1st-century BC Greek amphora

The Eleusis Amphora is an ancient Greek neck amphora, now in the Archaeological Museum of Eleusis, that dates back to the Middle Protoattic (c. 650–625 BCE). The painter of the Eleusis Amphora is known as the Polyphemos Painter. It is decorated with black and white painted figures on a light colored background, which is characteristic of the "Black and White" style commonly seen in Middle Protoattic pottery. The amphora's decoration reflects the pottery of the Orientalizing period (c. 710–600 BCE), a style in which human and animal figures depict mythological scenes.

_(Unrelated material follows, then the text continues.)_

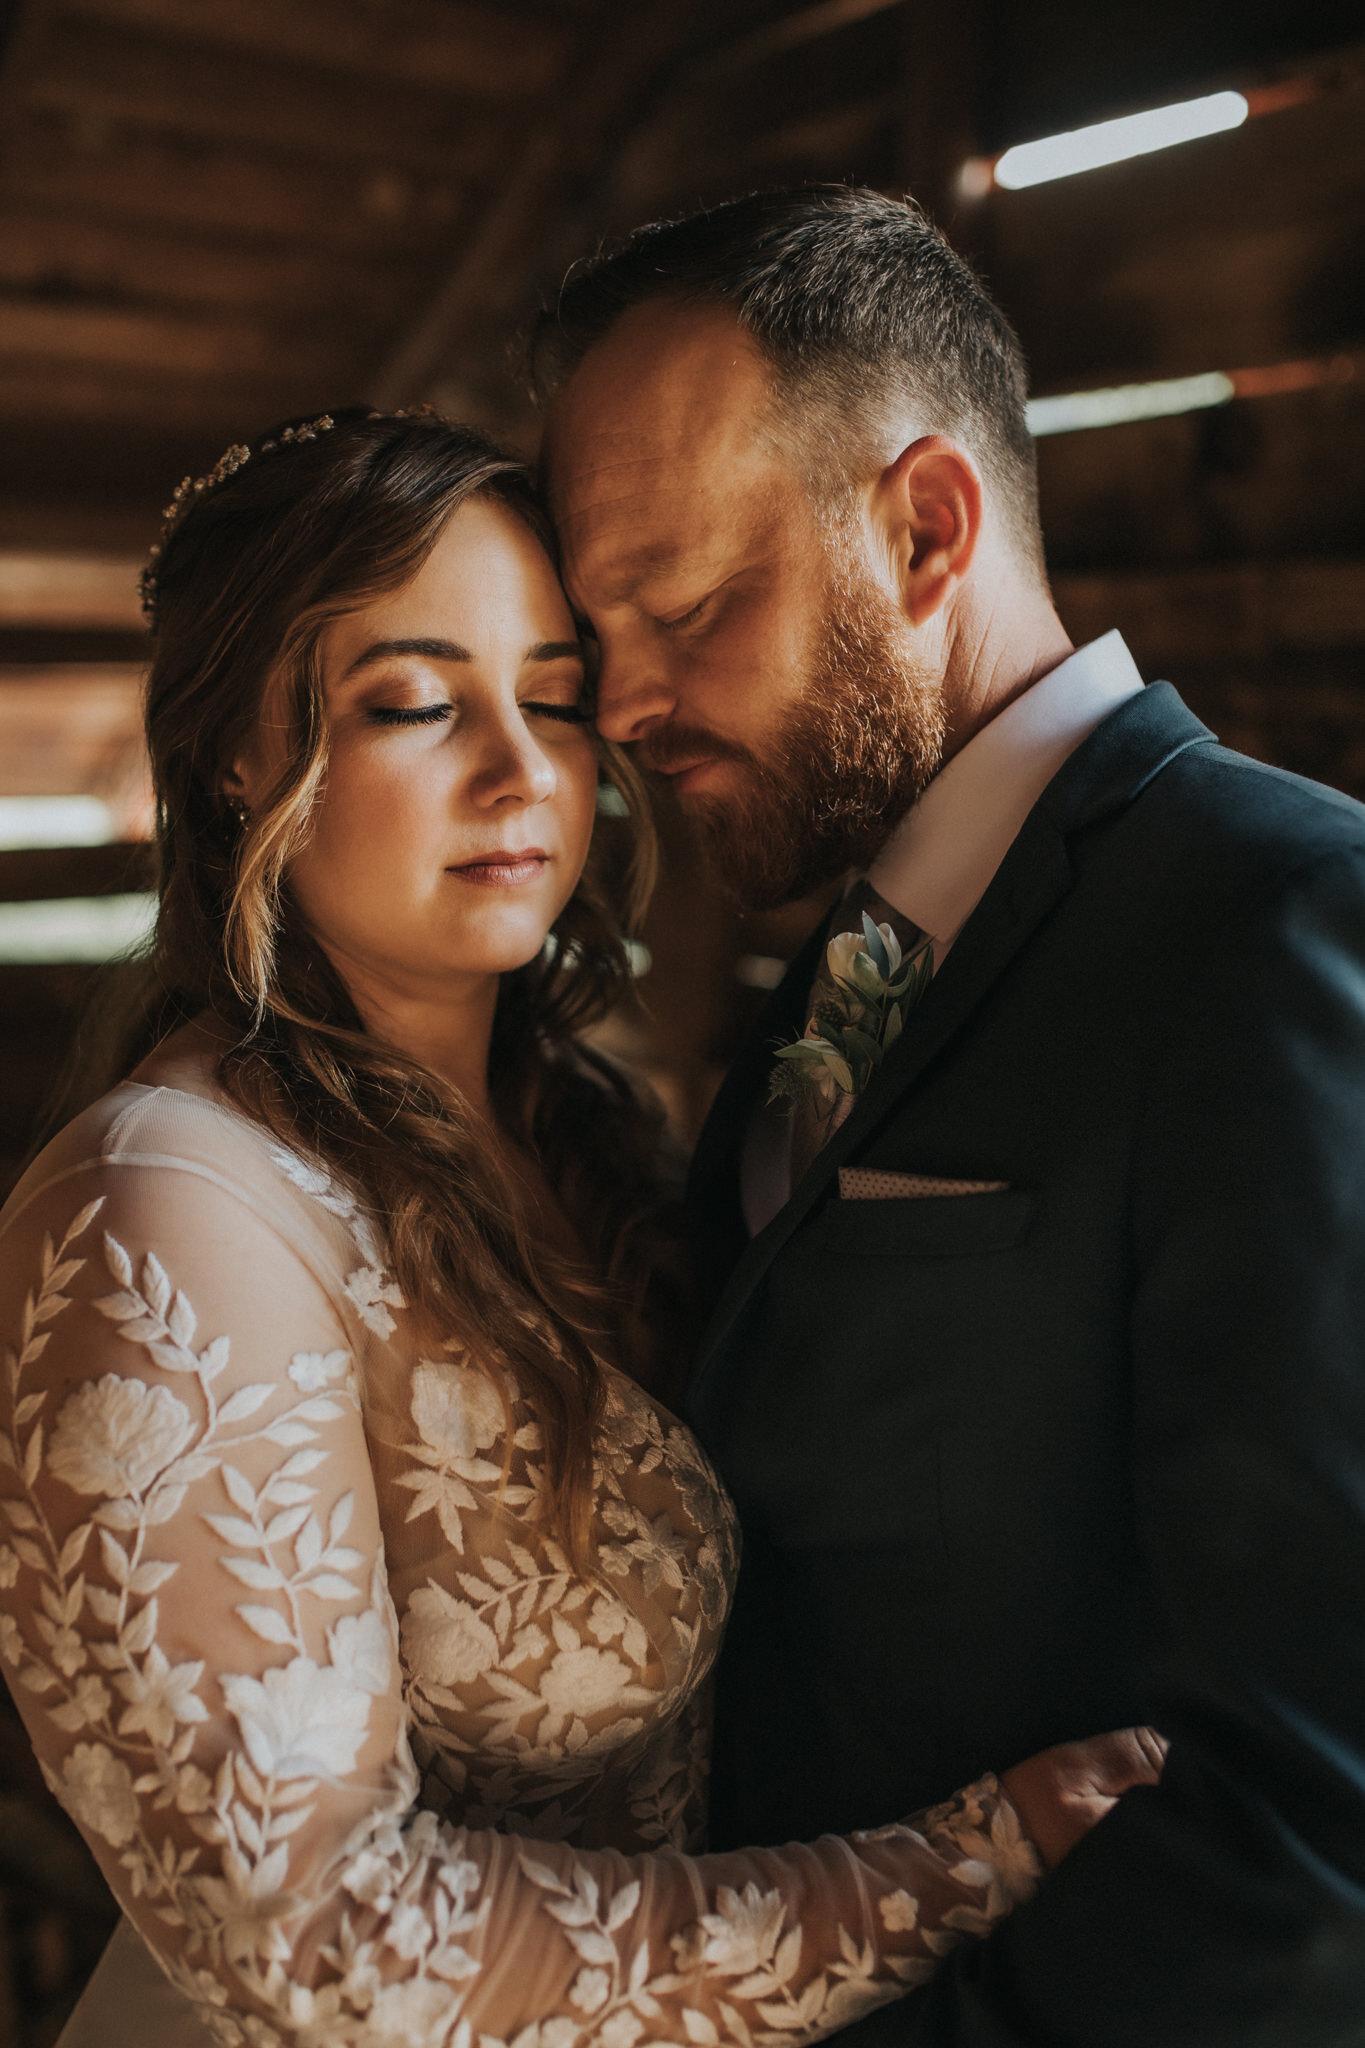 KateMatt-North-Georgia-Wedding-Photographer-Mountain-Laurel-Farm-120.jpg

The figures depicted on the amphora include Odysseus, Polyphemus, Perseus, Athena, and Medusa's fellow gorgons. This amphora is the earliest known depiction of Athena in Attic art.

== Purpose ==

The size and shape of the amphora, as well as the fact that it is highly decorated, indicate that it was created as a tomb marker or monument. However, the remains of a 10–12-year-old boy were found inside the amphora, meaning that it was ultimately used as an urn. This type of urn burial was commonly used to bury the remains of children from the Iron Age (1100–900 BCE) to the Archaic period (600–500 BCE).

== Description ==

The Eleusis amphora shows some of the earliest artistic depictions of Greek mythology. On the neck of the vase, the figures depict Odysseus and his men blinding the cyclops Polyphemus. The register just below the neck shows a lion chasing a boar. Although it is hard to see because the amphora was found in pieces and then reconstructed, the central register shows Athena and Perseus escaping after Perseus beheads Medusa. This is the earliest known depiction of Athena in Attic art. The figures with cauldron-shaped heads are more gorgons, which are snake-headed creatures like Medusa.